Cinta Dalam Dilema

Cinta Dalam Dilema
kekesalan Nur


__ADS_3

Pagi hari itu seperti biasa Icha sudah siap berangkat kerja, namun yang berbeda pagi ini Icha membawa mobil sendiri.


Setelah pamit dari orang tuanya Icha pun bergegas masuk ke mobil dan melajukannya meninggalkan rumah.


Abang sendiri masih sarapan bersama orang tuanya juga Nur, Adit sendiri masih tidur.


"Bang, Bunda liat mobil Icha barusan keluar apa kalian tidak berangkat bersama? " Tanya Bunda Cici.


"Masa sih Bun,Kok Icha gak ngasih tau ya kalo mau berangakat sendiri? " Jawabnya bergegas menyelesikan makannya dan berdiri.


"Abang mau kemana? ko buru-buru? abisin dulu sarapan nya" Tanya Bunda kesal dan Ayah Abang pun hanya geleng-geleng kepala.

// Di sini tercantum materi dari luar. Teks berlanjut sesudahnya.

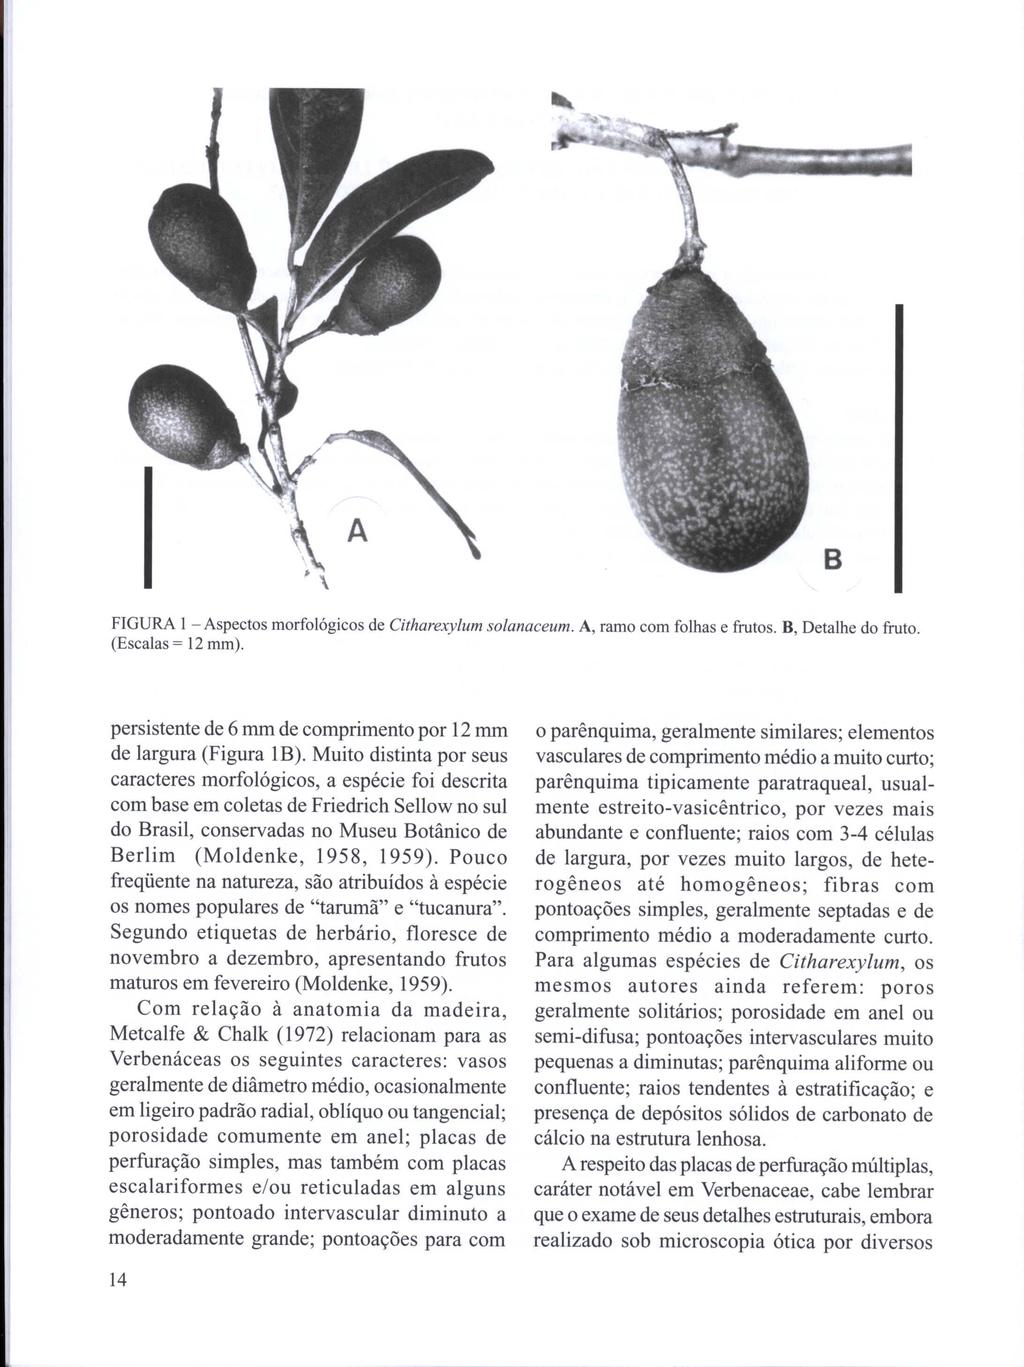 B FIGURA 1 - Aspectos morfológicos de Citharexylum solanaceum. A, ramo com folhas e frutos. B, Detalhe do fruto. (Escalas = 12 mm). persistente de 6 mm de comprimento por 12 mm de largura (Figura lb).
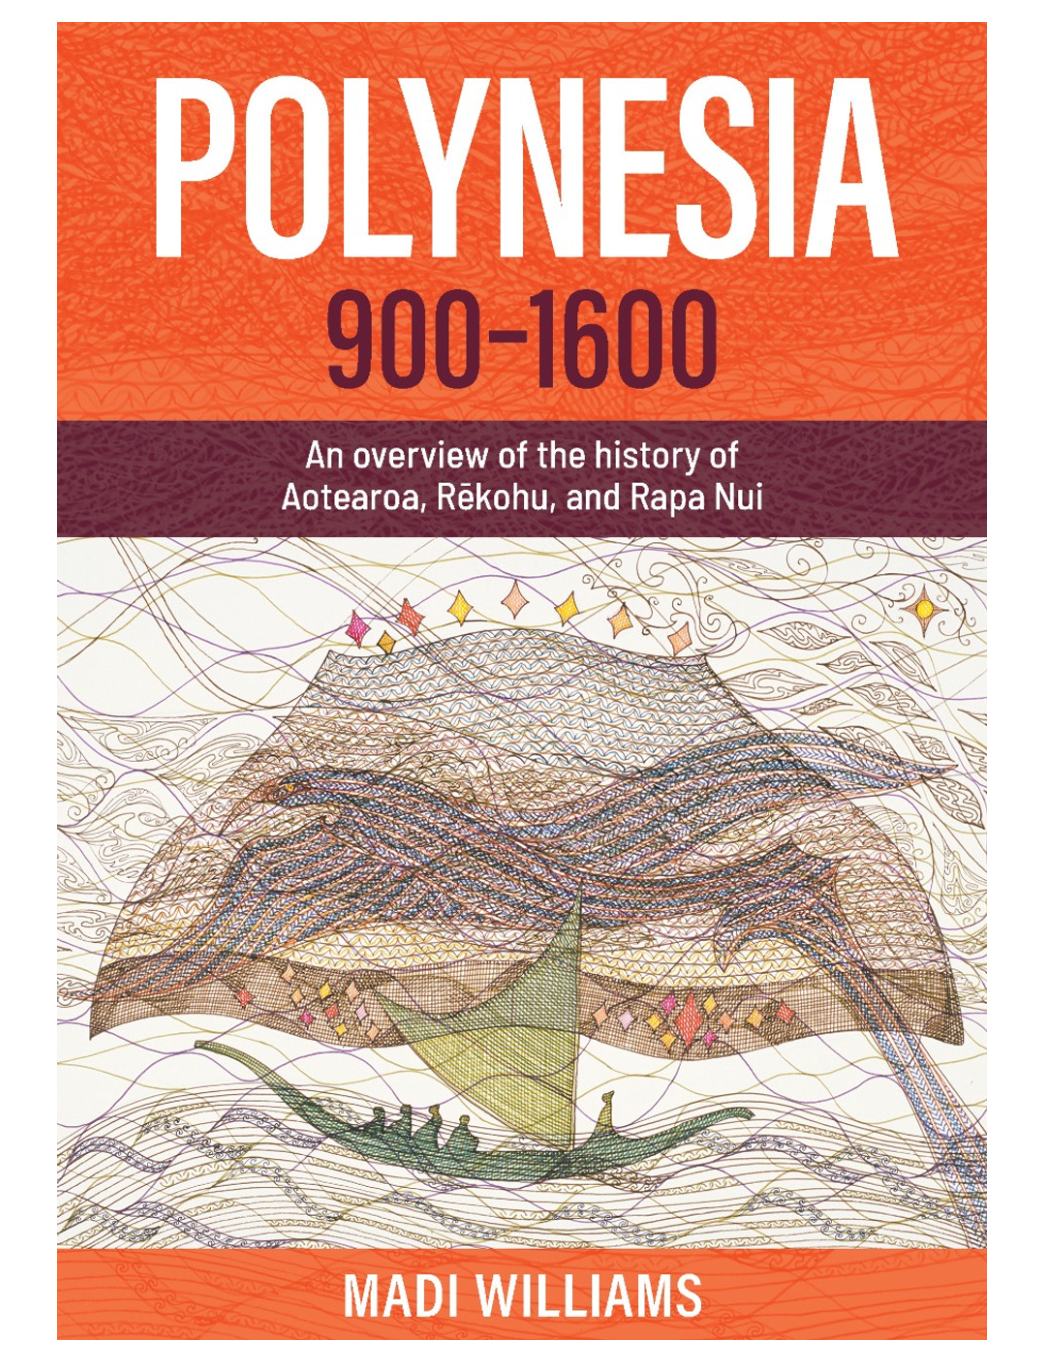 Polynesia 900-1600: An Overview of the History of Aotearoa, Rekoha and Rapa Nui

"Maaf Bun, aku udah telat langsung pamit ya, Asamualaikum, "Ujarnya seraya mencium tangan orang tuanya bergantian.


"Walaikumsalam, " Jawab mereka,setelah melihat kepergian Abang.


Sedangkan Nur menatap nya kesal, karna lagi-lagi Dia harus kecewa karna Abang tak meliriknya, niat hati bangun pagi ingin berangkat bersama, namun Abang malah pergi dengan tergesa.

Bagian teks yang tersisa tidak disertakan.